Library-oriented, language-oriented, encapsulation-oriented, and DSL-embedding. tuProlog uses: library-oriented (Prolog calling Java via new_object/3, <-/2, returns/2; Java calling Prolog via Term/Engine API), and encapsulation-oriented (Java class as Prolog library; Scala wrapping Prolog theory).
new_object(+ClassName, +Args, -Ref) creates the object. Ref <- methodName(Args) calls a void method. Ref <- methodName(Args) returns Result captures a return value. Example: new_object('javax.swing.JFrame',[],F), F <- setSize(400,300), F <- setVisible(true).
Term is the root. Var for variables, Number (Int, Double, Long, Float) for numeric values, and Struct for compound terms (functors, lists). You build terms by constructing instances: new Struct("append", list1, list2, new Var("X")) creates append/3, or use engine.toTerm("[1]") to parse from string.
Call engine.solve(goal) to get the first SolveInfo. While info.isSuccess(), process it. Call engine.hasOpenAlternatives() to check if more solutions exist, then engine.solveNext() to get the next one. Break when no more alternatives.
mkPrologEngine takes a Prolog theory (as a string) and returns a function Term => LazyList[Term]. The LazyList wraps Prolog's multiple solutions as a lazy, potentially infinite stream. It integrates Prolog's search with Scala's functional abstractions, allowing map, filter, for-comprehension, and other collection operations over the results.
JVM, JavaScript (Scala.js), and Native (Scala Native). Configure via sbt-scalajs and sbt-scala-native plugins. Use sbt-crossproject with crossProject(JSPlatform, JVMPlatform, NativePlatform).crossType(CrossType.Full) to define a shared module and platform-specific modules.

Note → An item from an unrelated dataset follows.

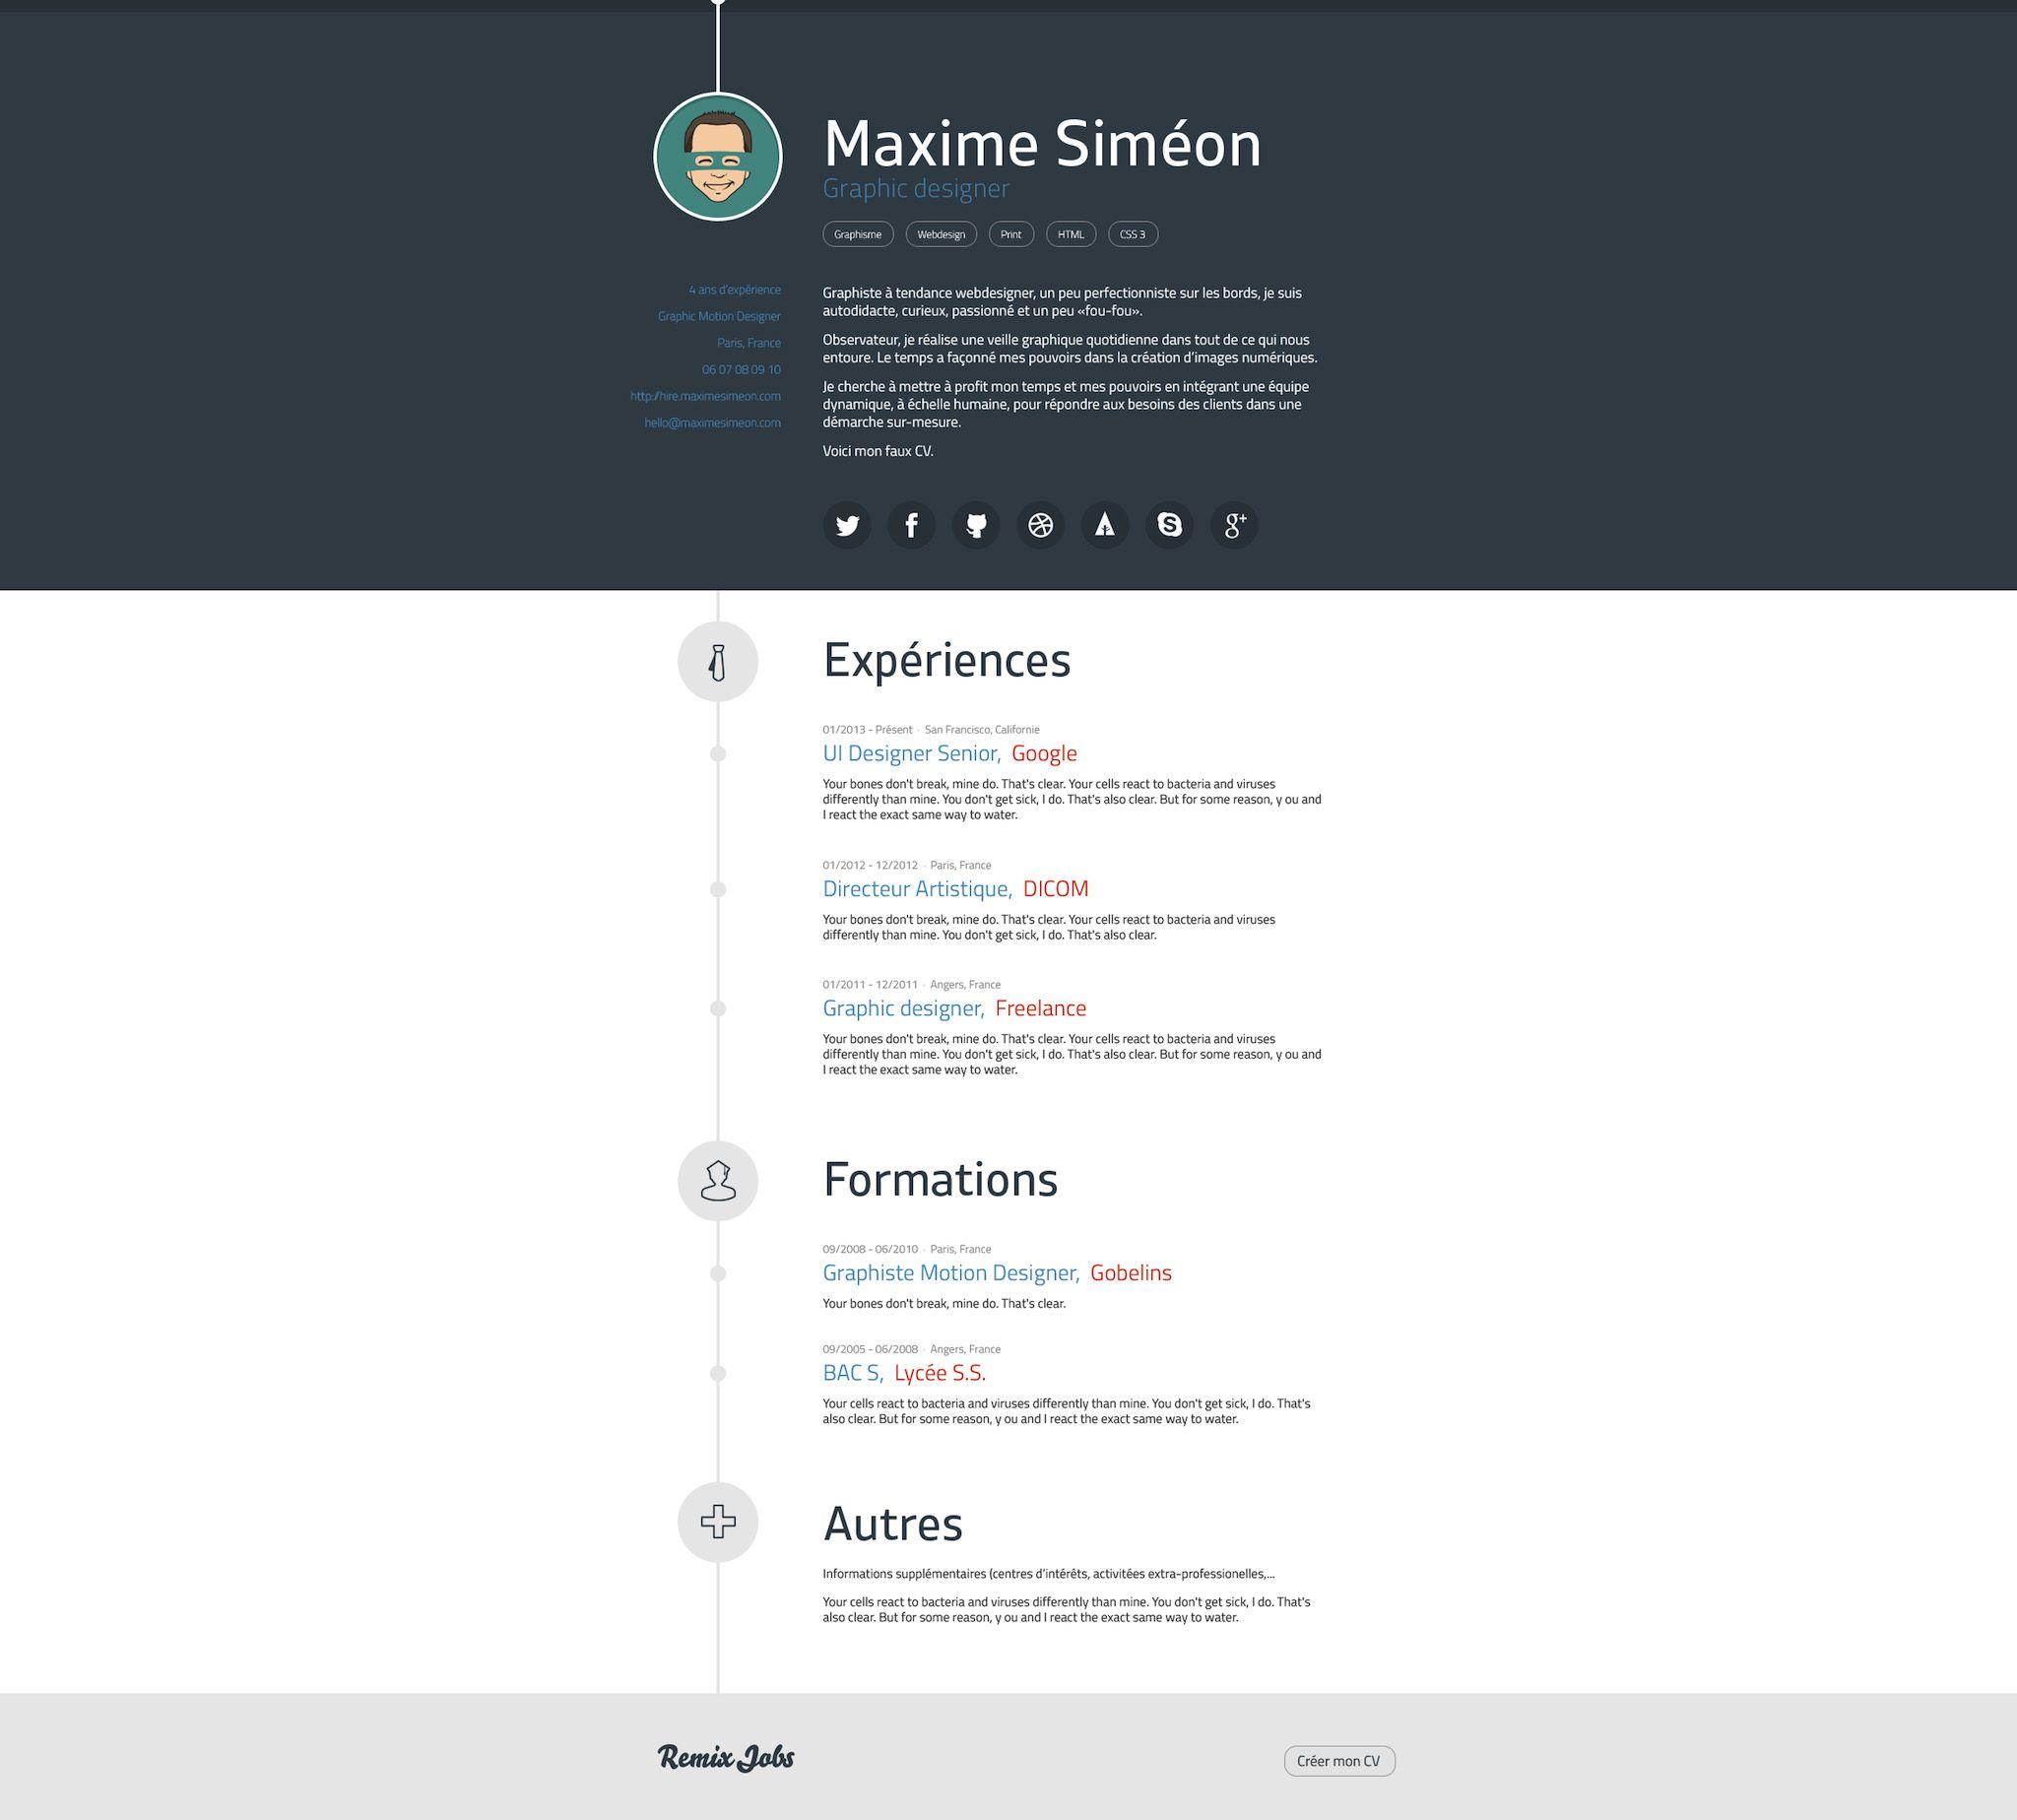 Http Remixjobs Com Blog Wp Content Uploads 2013 07 Maxime Simeon Web Jpg Formation Graphiste Directeur Artistique Jobs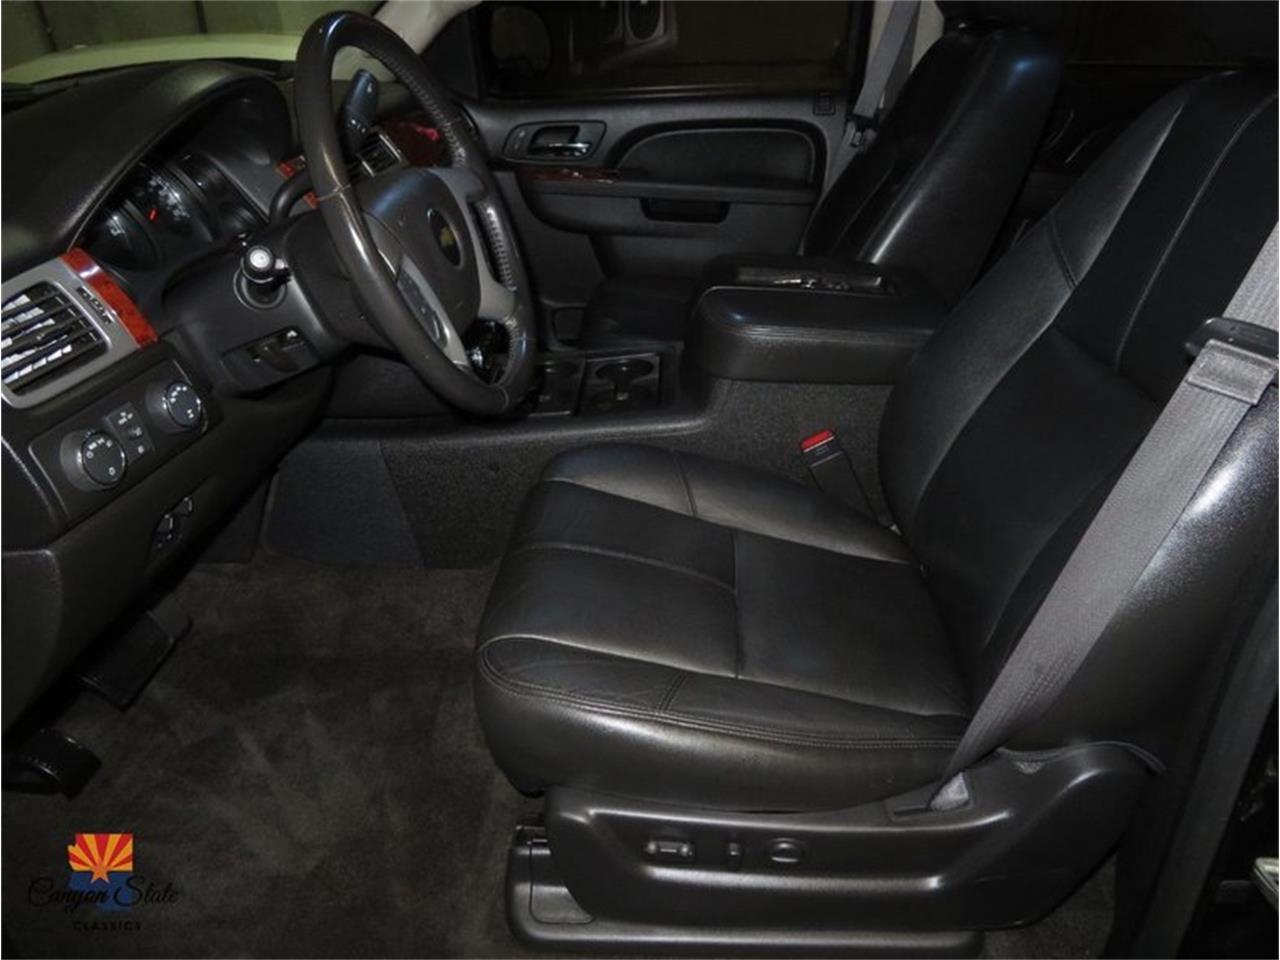 2013 Chevrolet Suburban (CC-1420603) for sale in Tempe, Arizona

A facade is a type declaration (using @js.native, @JSGlobal, etc.) that tells the Scala.js compiler how to emit correct JavaScript calls without generating implementation bytecode. ScalablyTyped automatically parses TypeScript .d.ts definition files and generates type-safe Scala facades, translating TS union types to Scala 3 union types, and mapping NPM packages to Scala packages.
The pure core (domain models, business logic) lives in a shared module using only cross-platform libraries. Platform-specific implementations (adapters) are in separate modules for each target: JDBC/Doobie for JVM, Laminar/Tyrian for JS, POSIX C interop for Native. Generic traits in the shared module define the interfaces; SBT handles cross-linking automatically.